WHAT YOU ARE ASKED TO DO:
An exact repetition of the data is required; no picture should appear in it.

INFORMATION SHOWN:
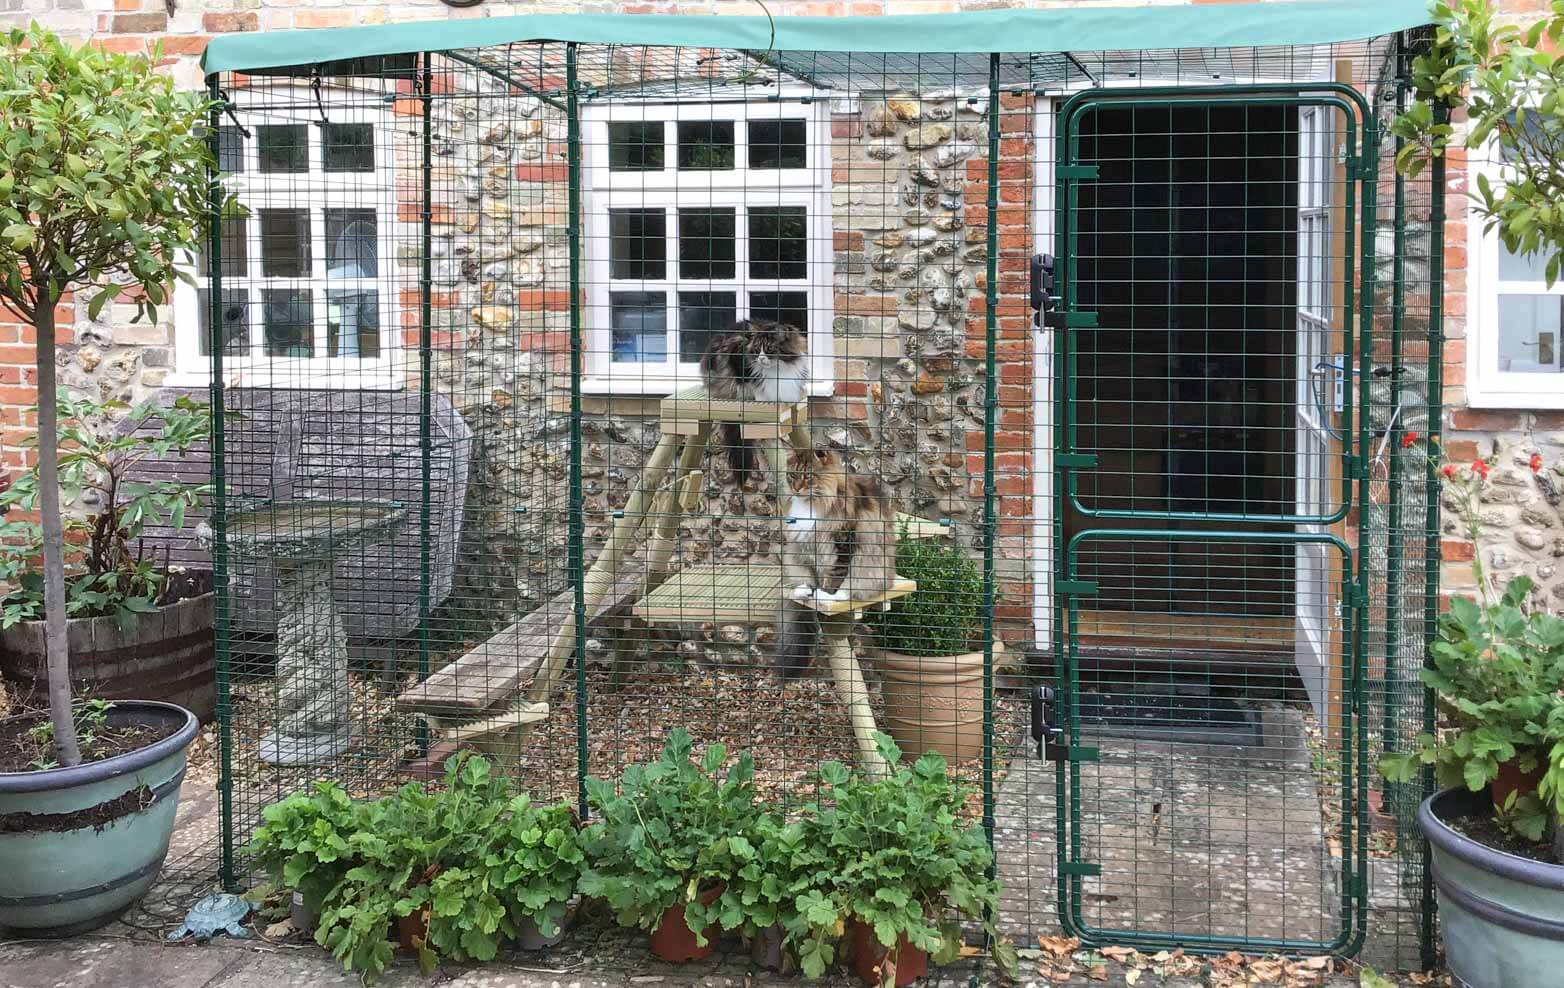 katter leker i en kattgård utomhus
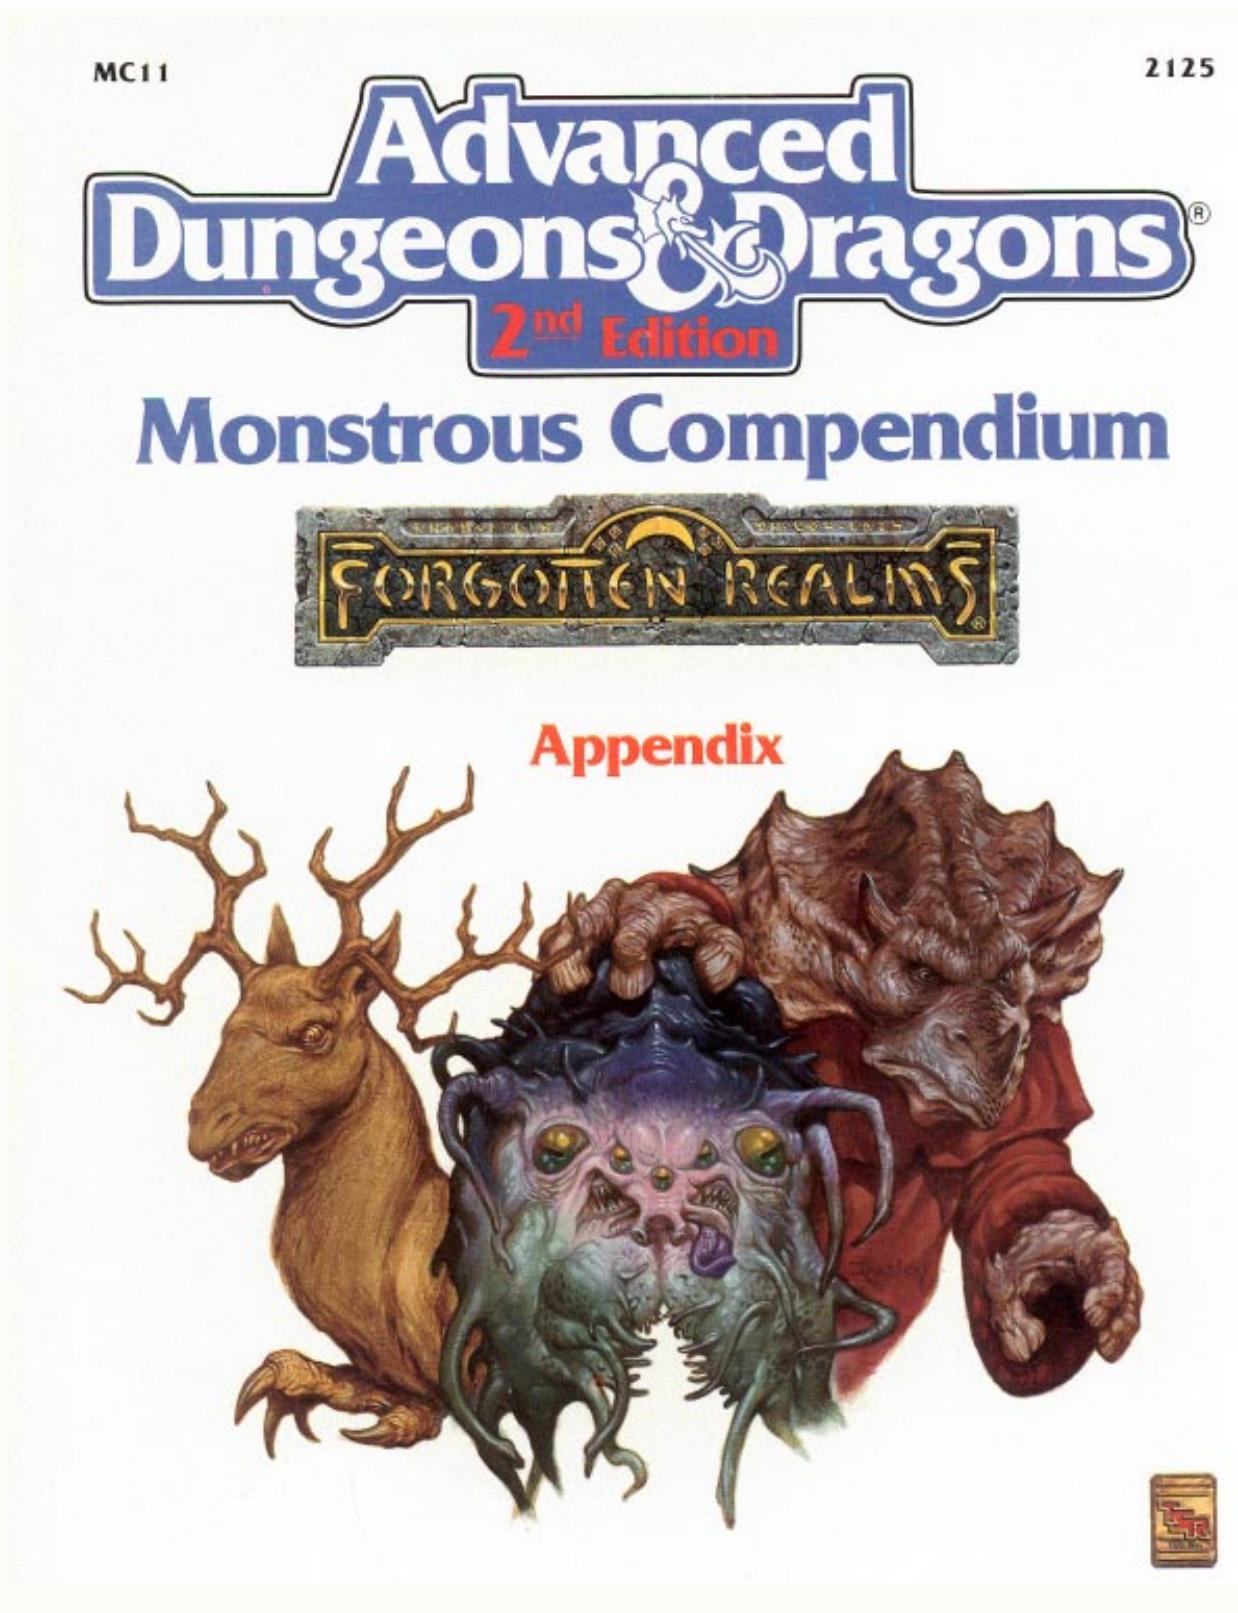 Forgotten Realms Appendix II (1992)
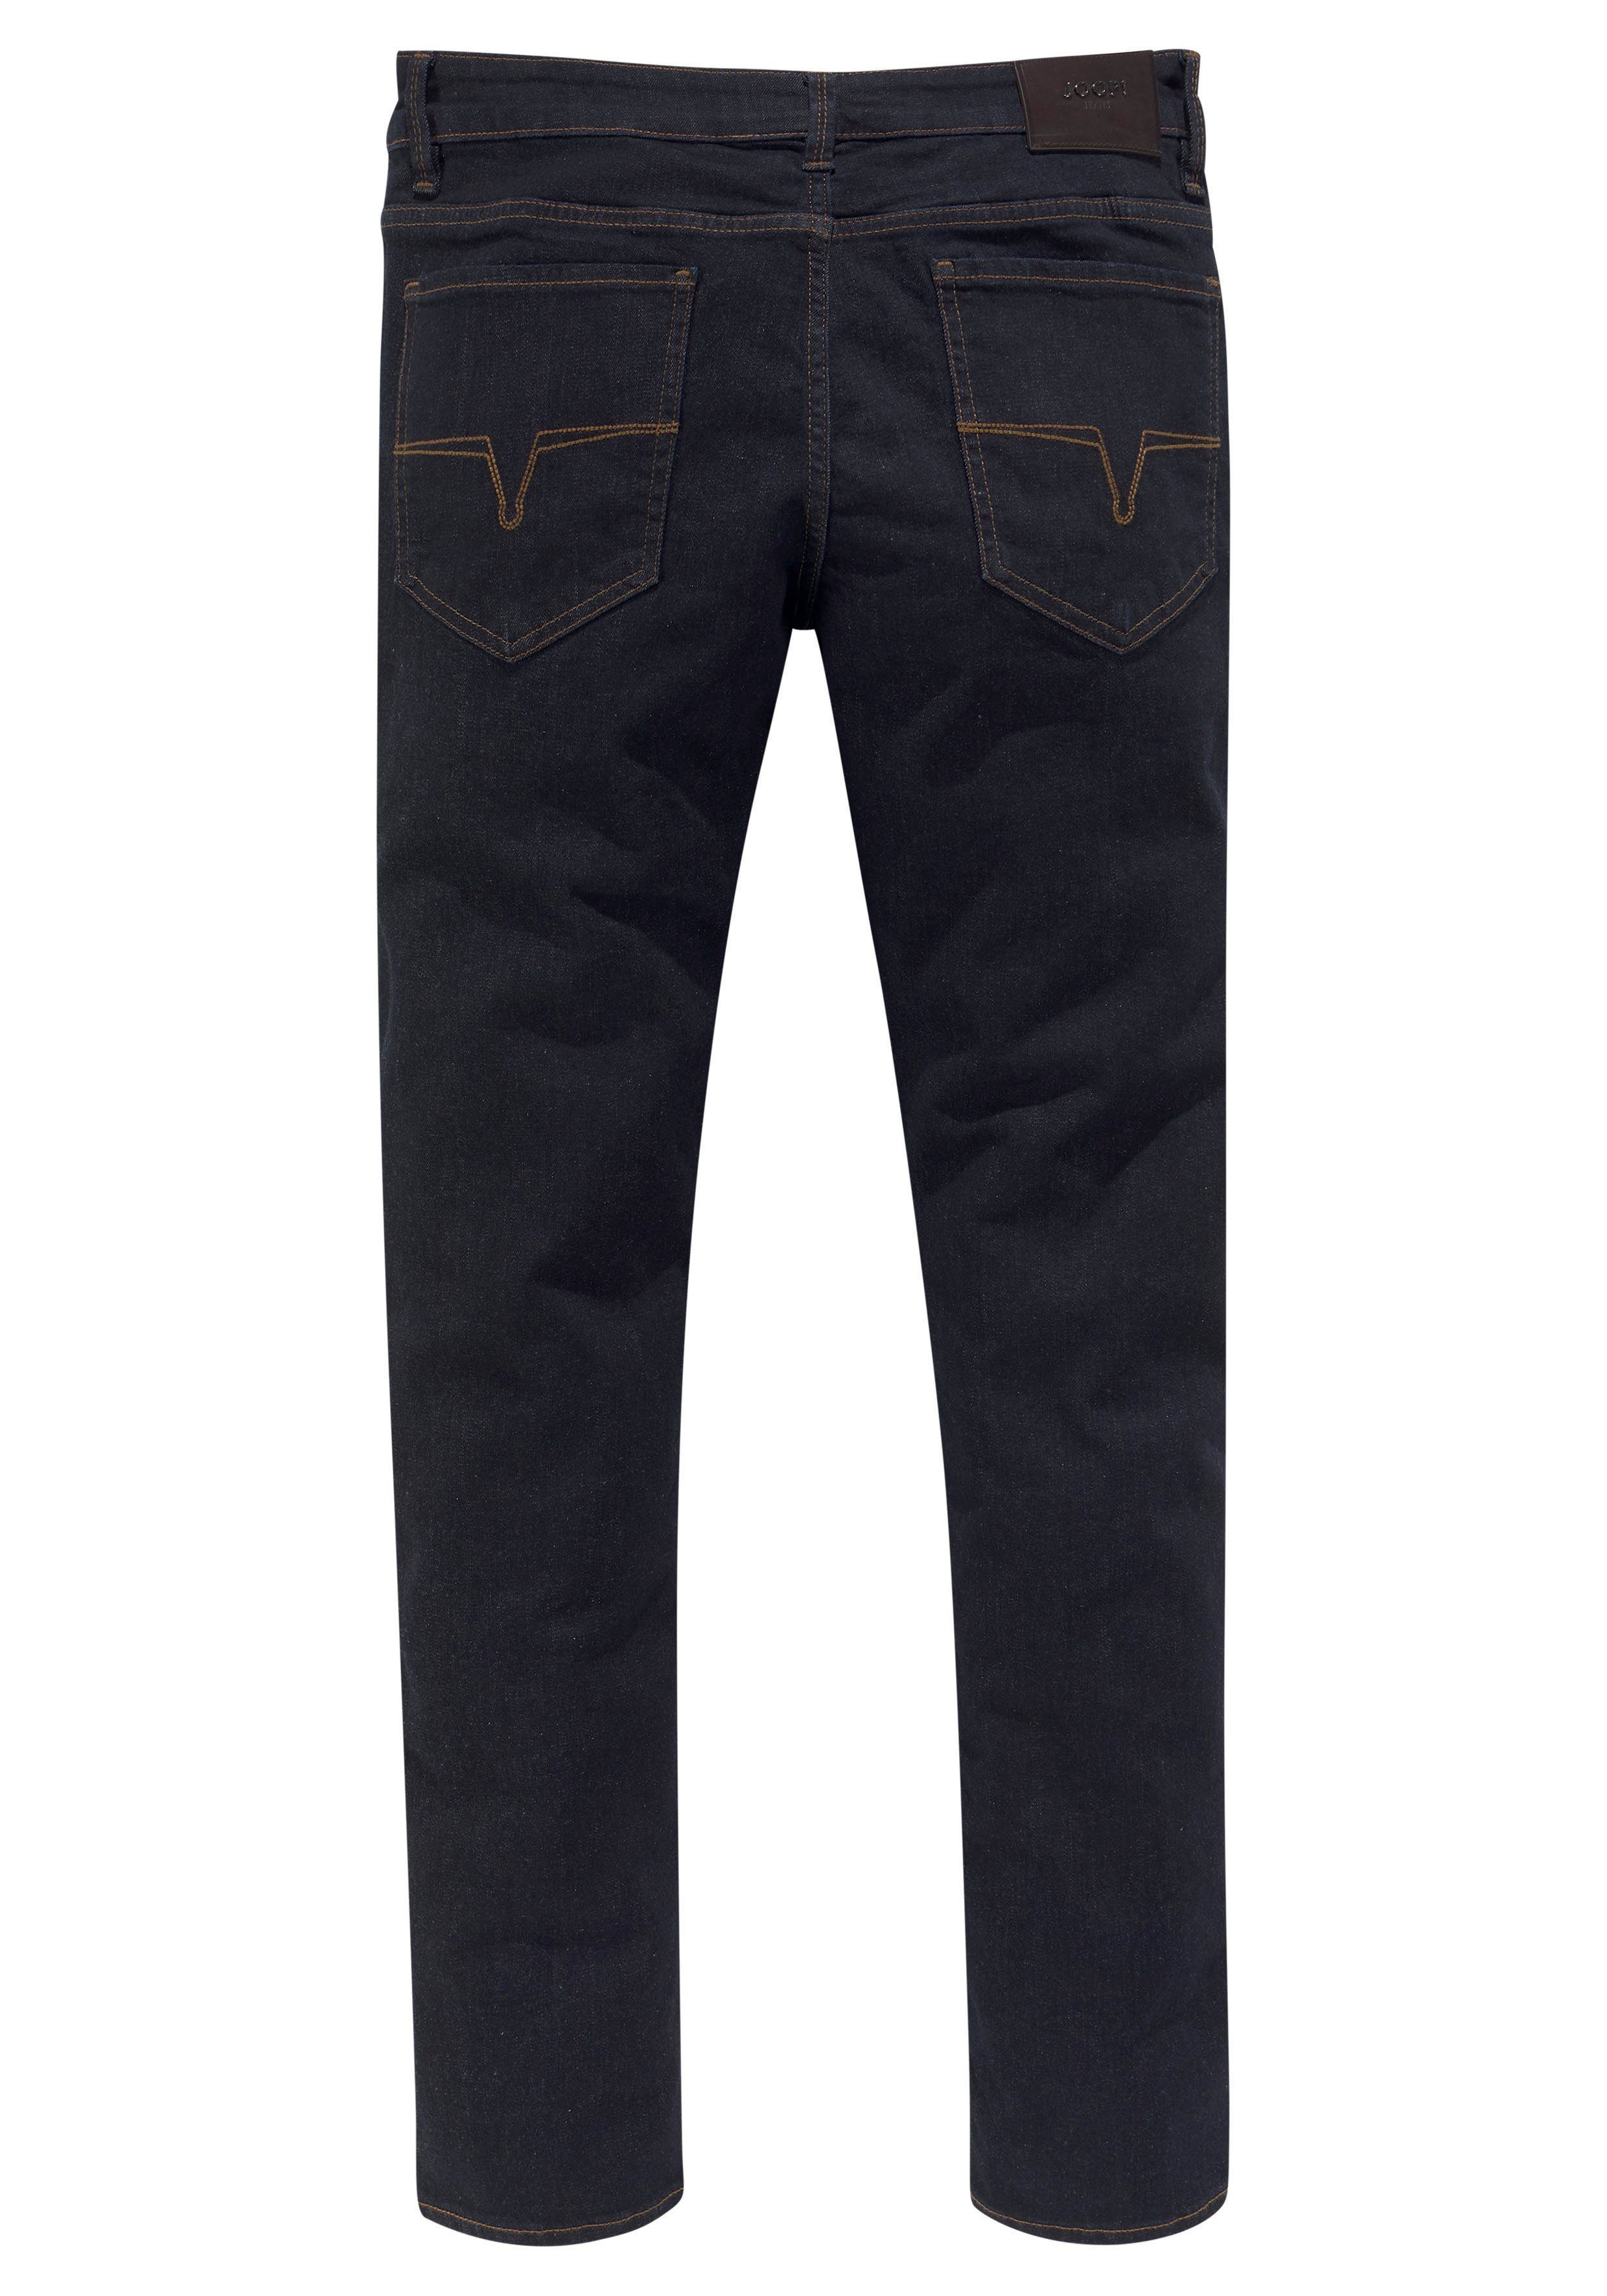 Stephen dark 5-Pocket-Jeans blue Jeans Joop

SOLVED EXERCISE:
 katter leker i en kattgård utomhus
 Forgotten Realms Appendix II (1992)
 Stephen dark 5-Pocket-Jeans blue Jeans Joop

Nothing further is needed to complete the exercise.